> COLLECTED DATA
- - -

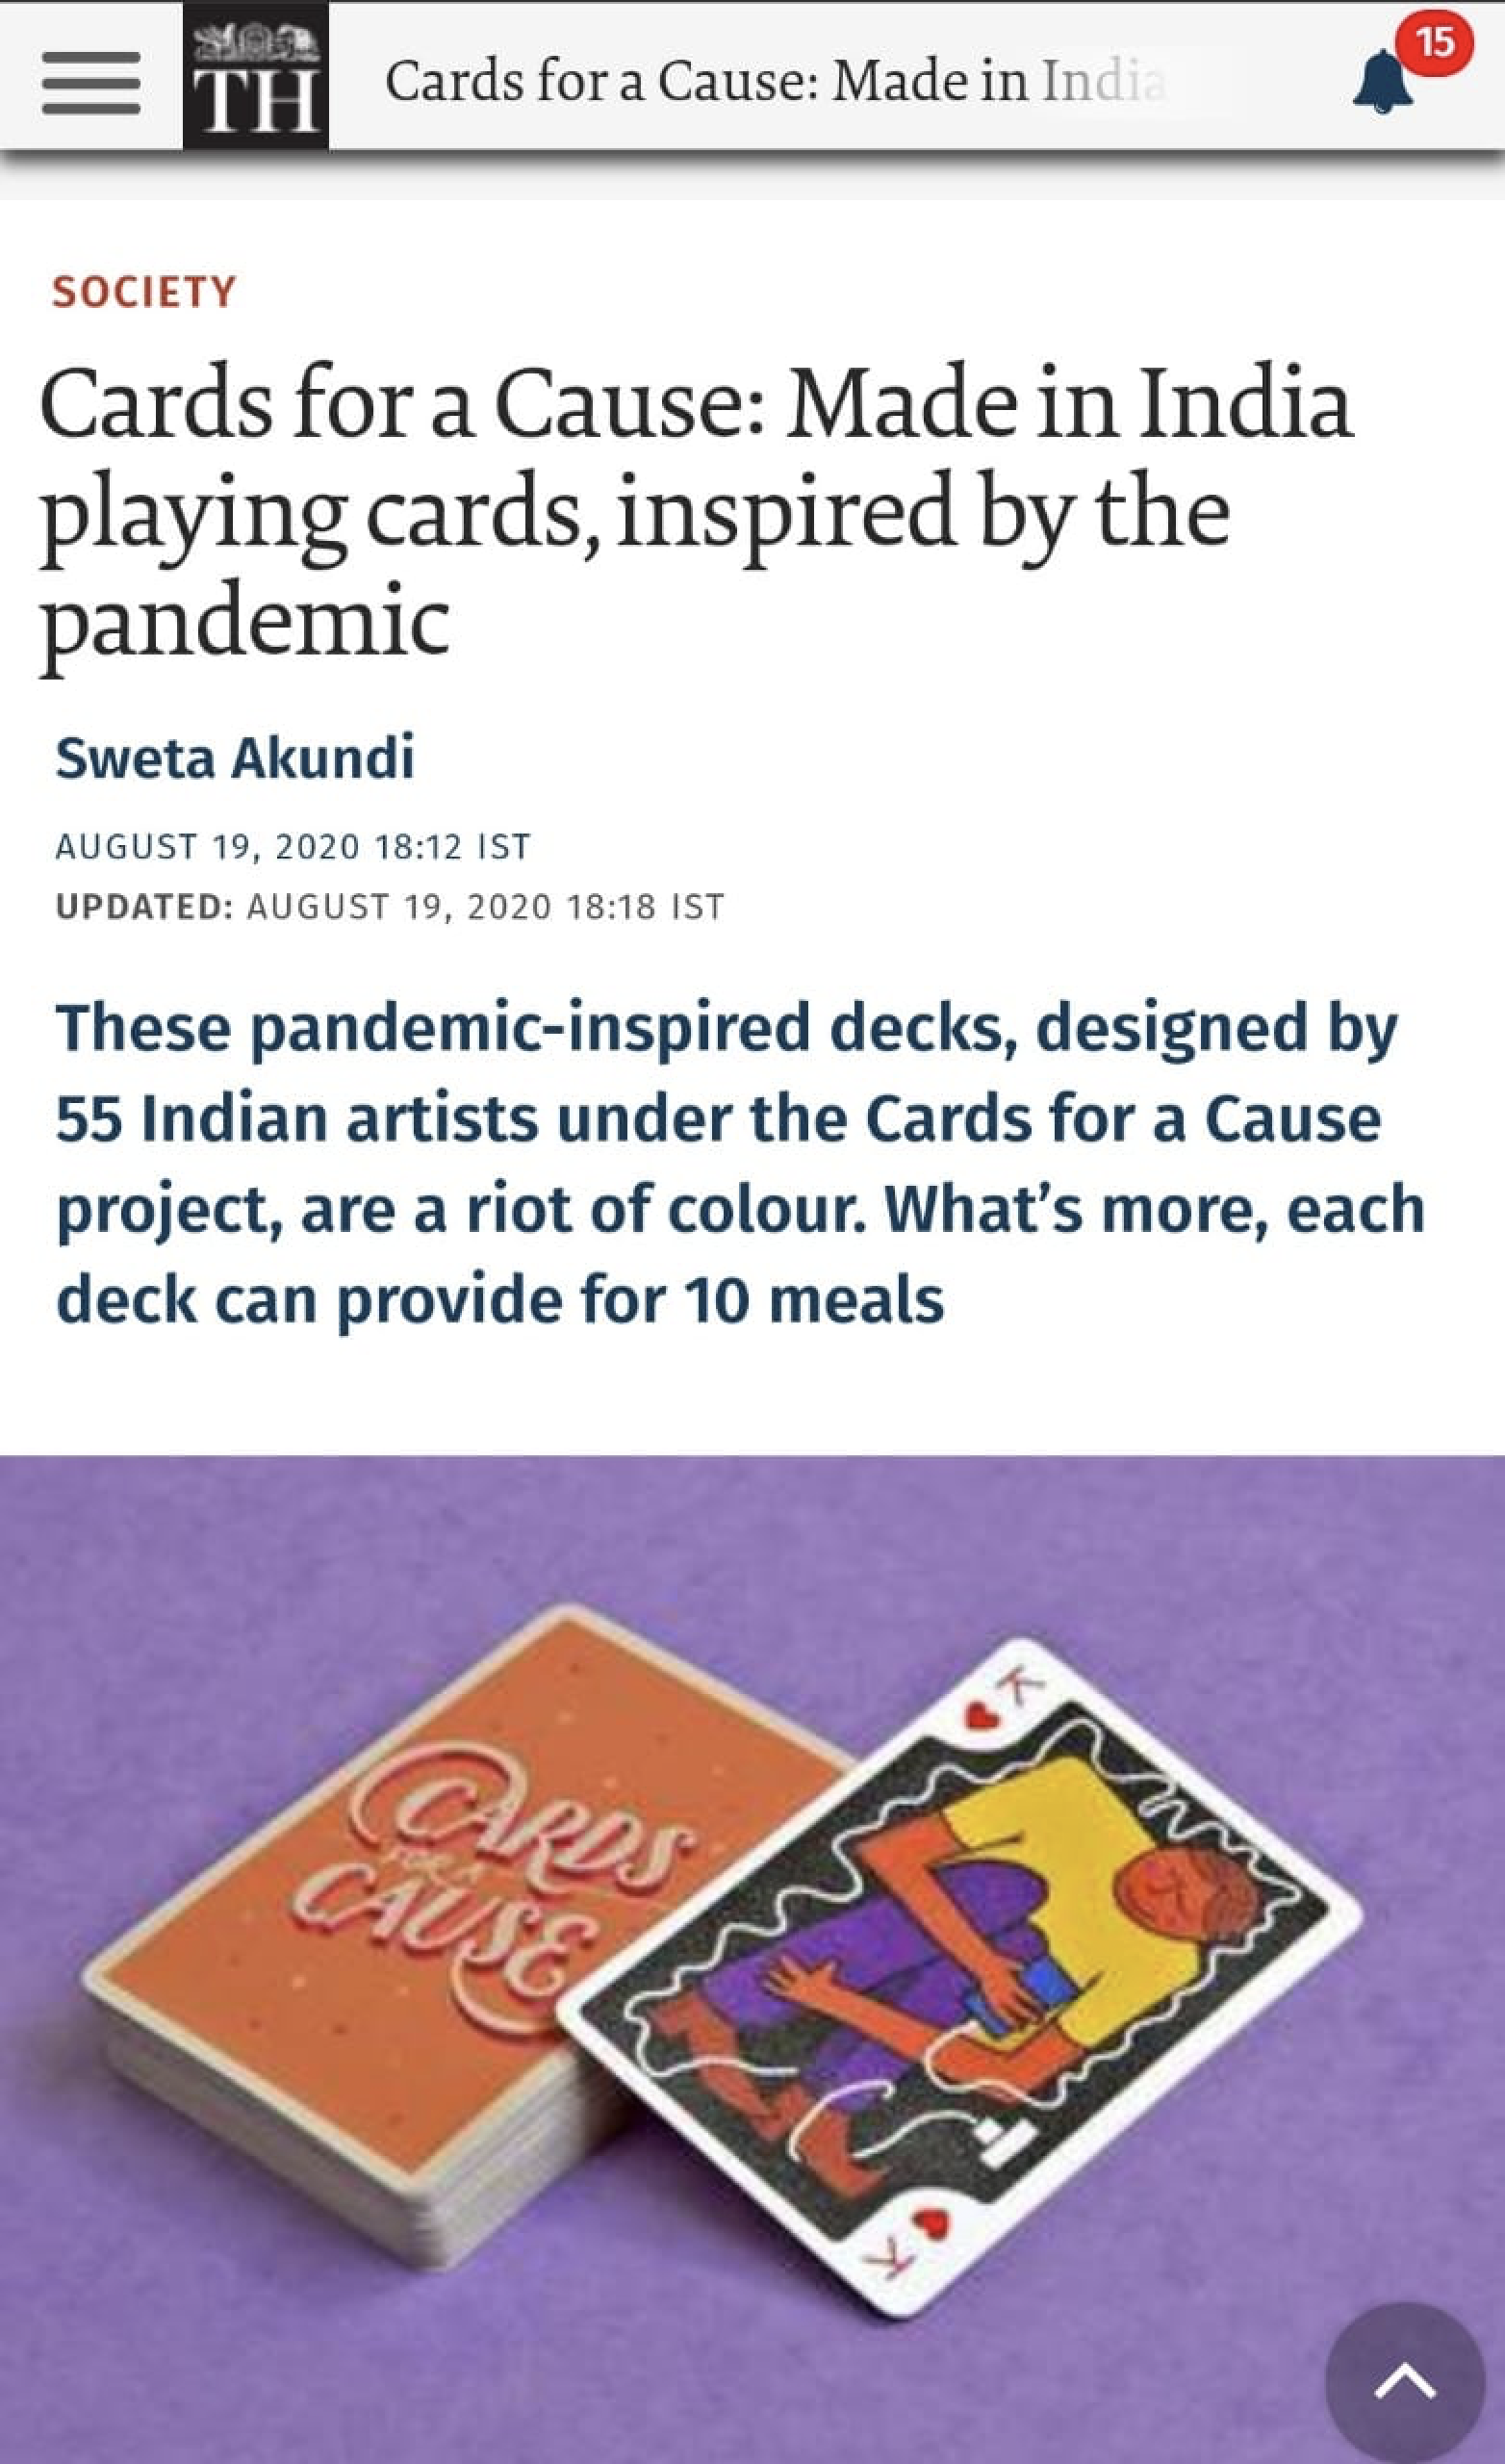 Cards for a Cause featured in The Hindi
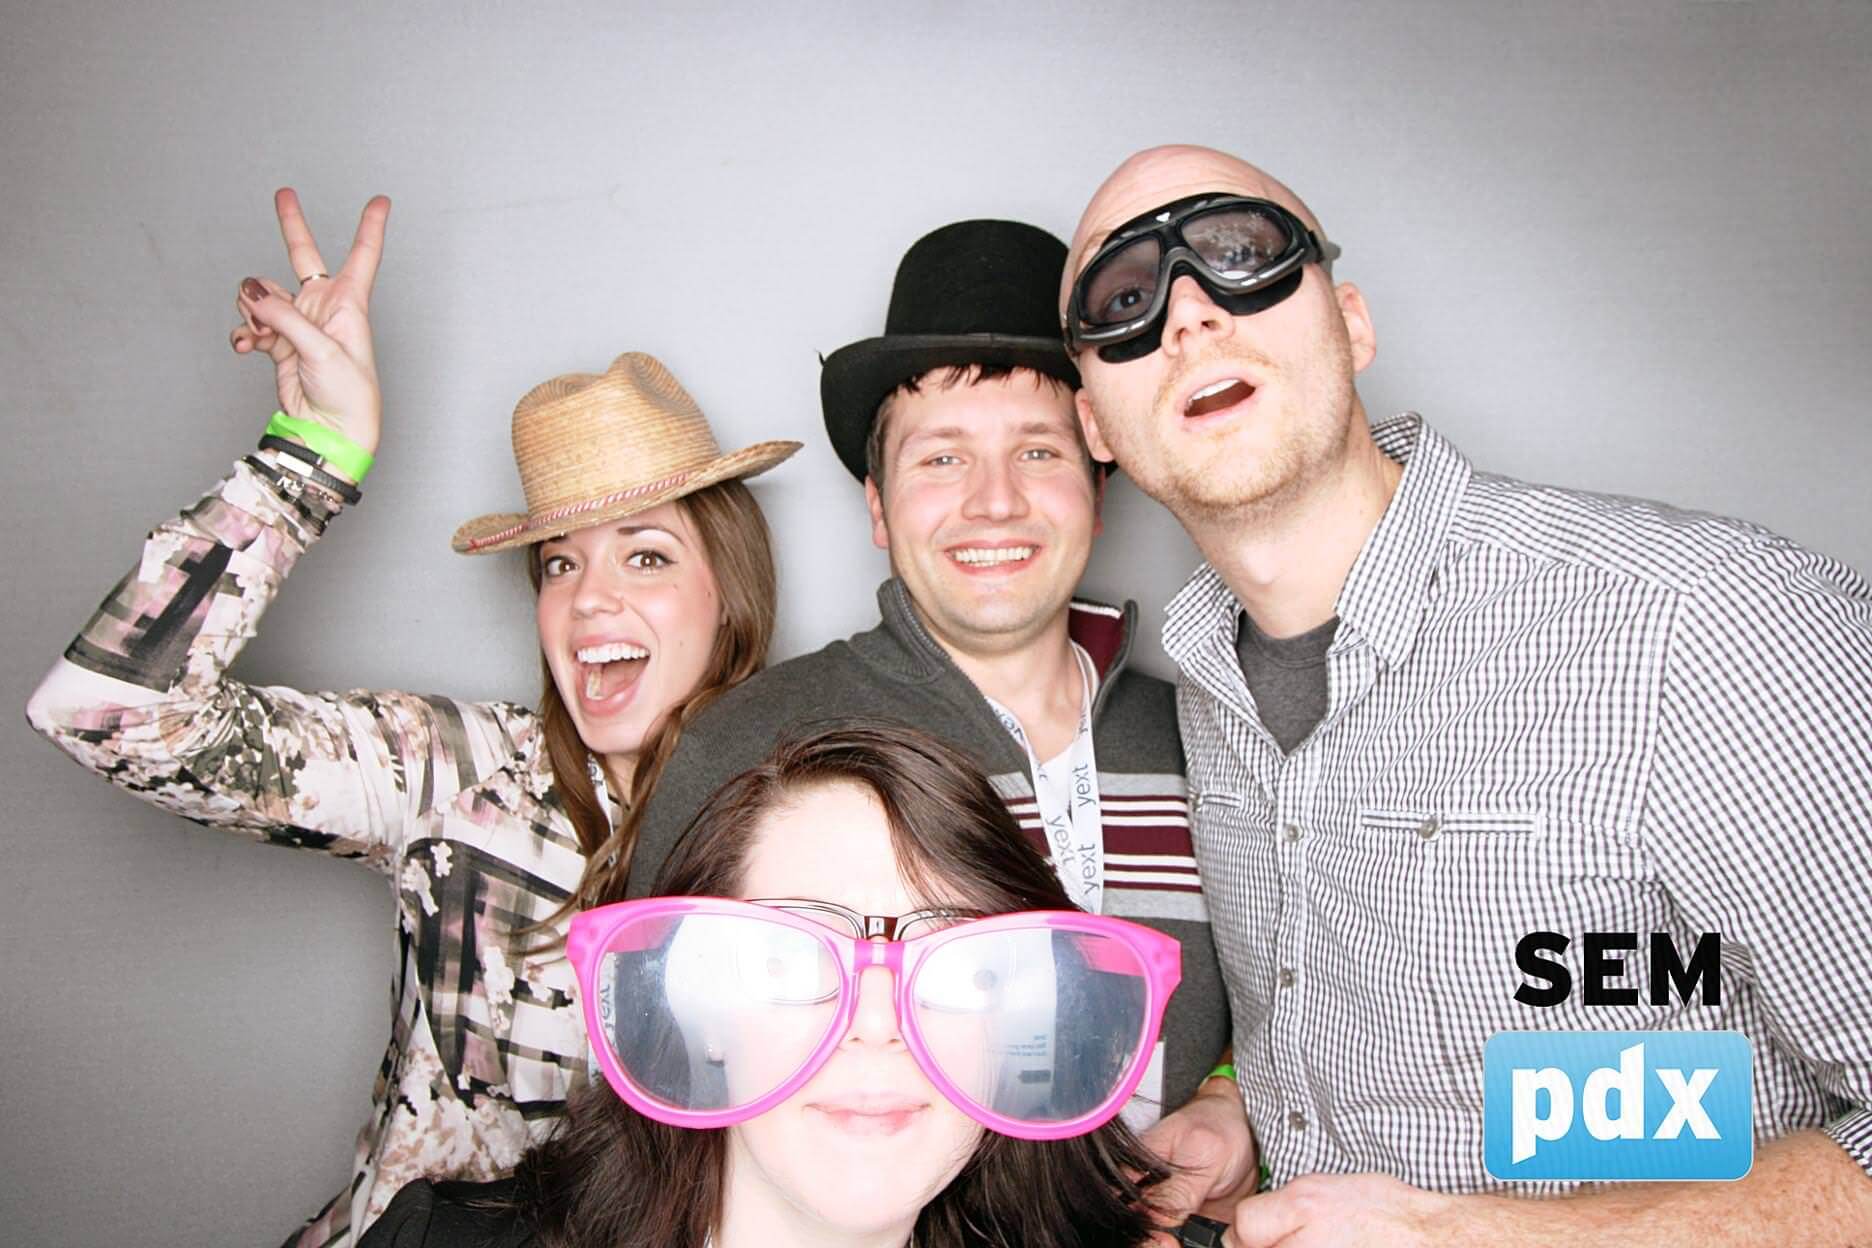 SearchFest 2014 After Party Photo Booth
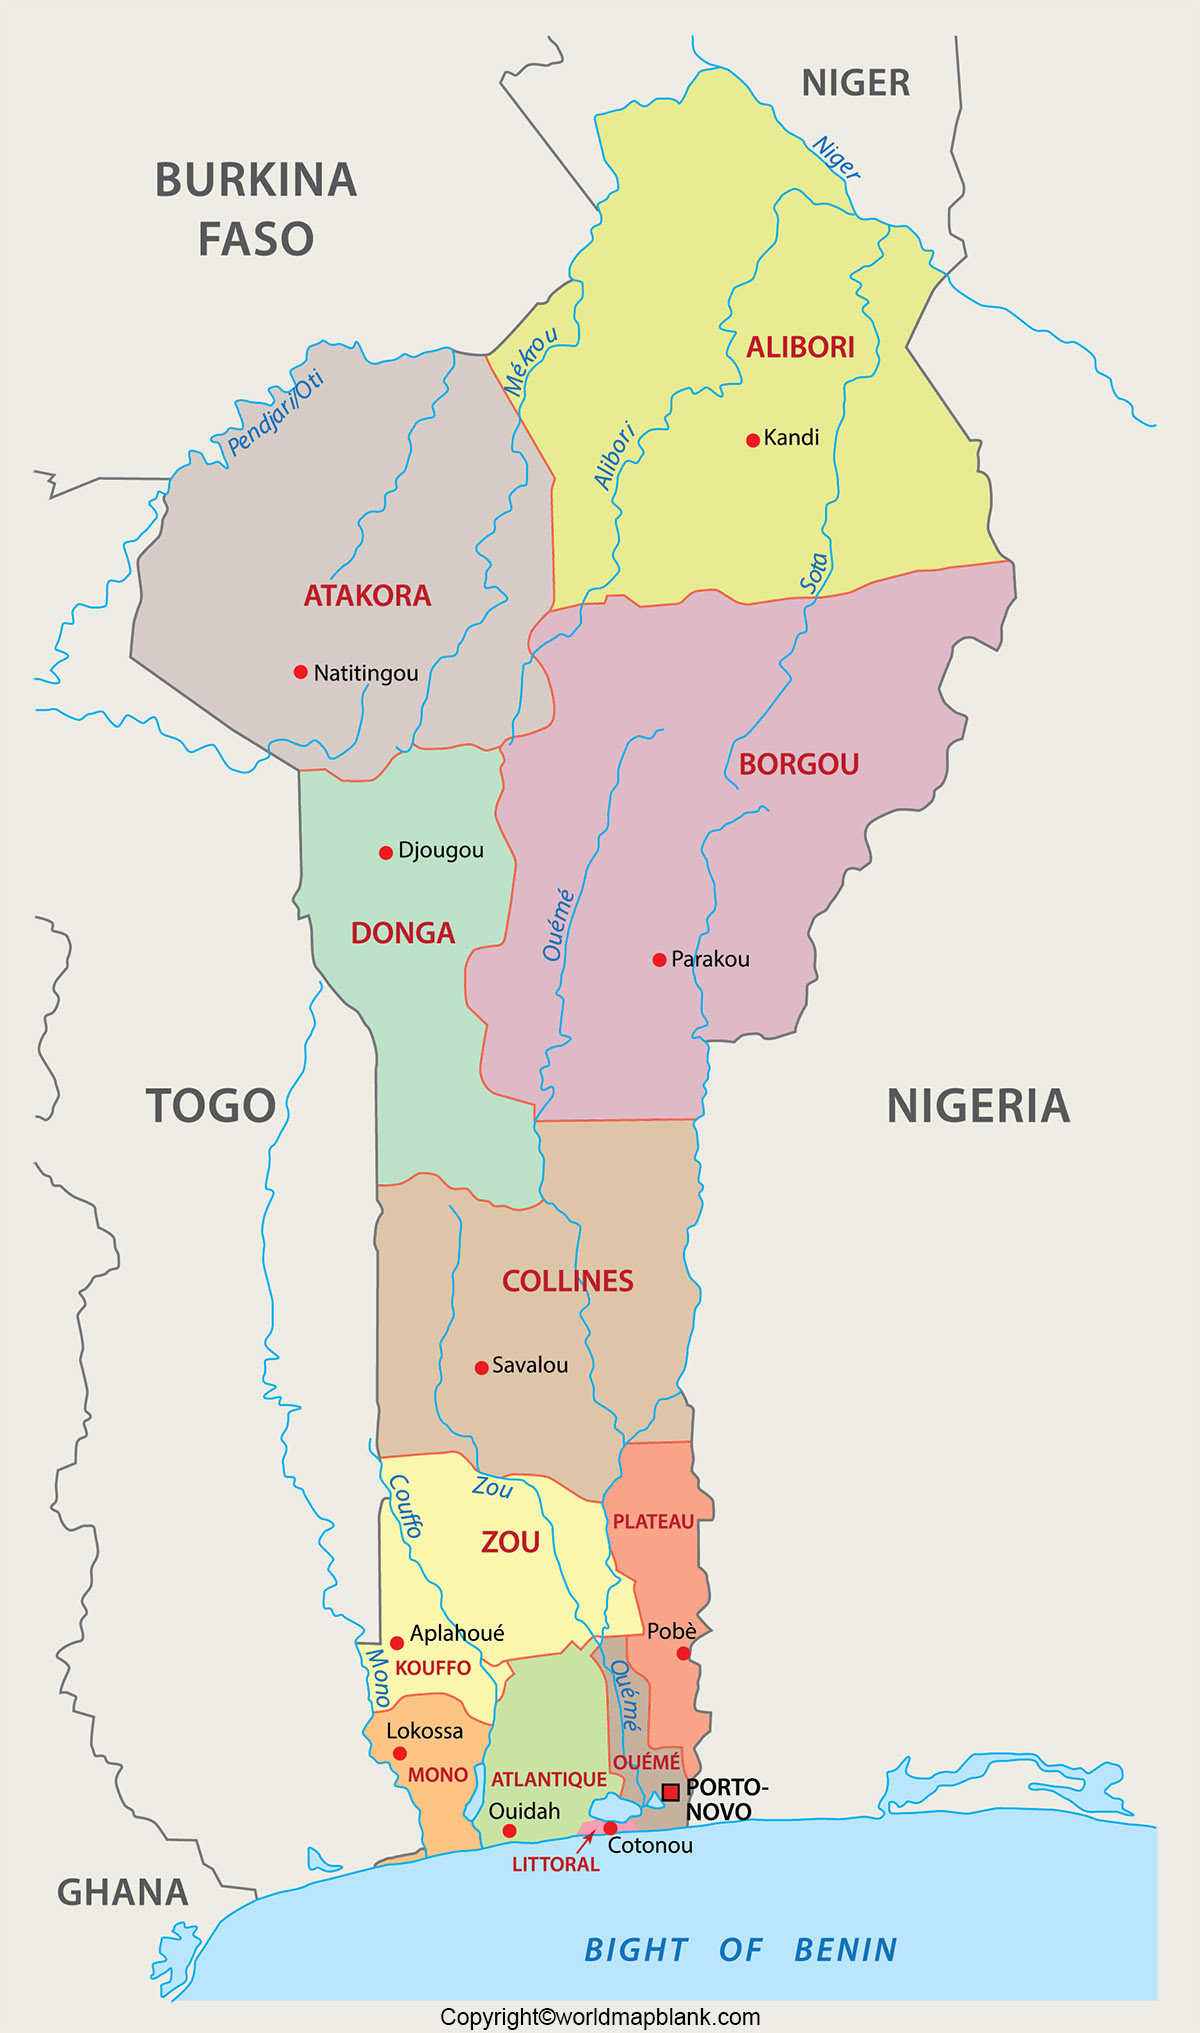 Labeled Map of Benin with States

- - -

> TASK DIRECTIONS
In the copy, only the lines from the one holding "SearchFest 2014 After Party Photo Booth" through the end of the listing above should appear, retyped exactly, both ends included, with no pictures.

> FINAL ANSWER
 SearchFest 2014 After Party Photo Booth
 Labeled Map of Benin with States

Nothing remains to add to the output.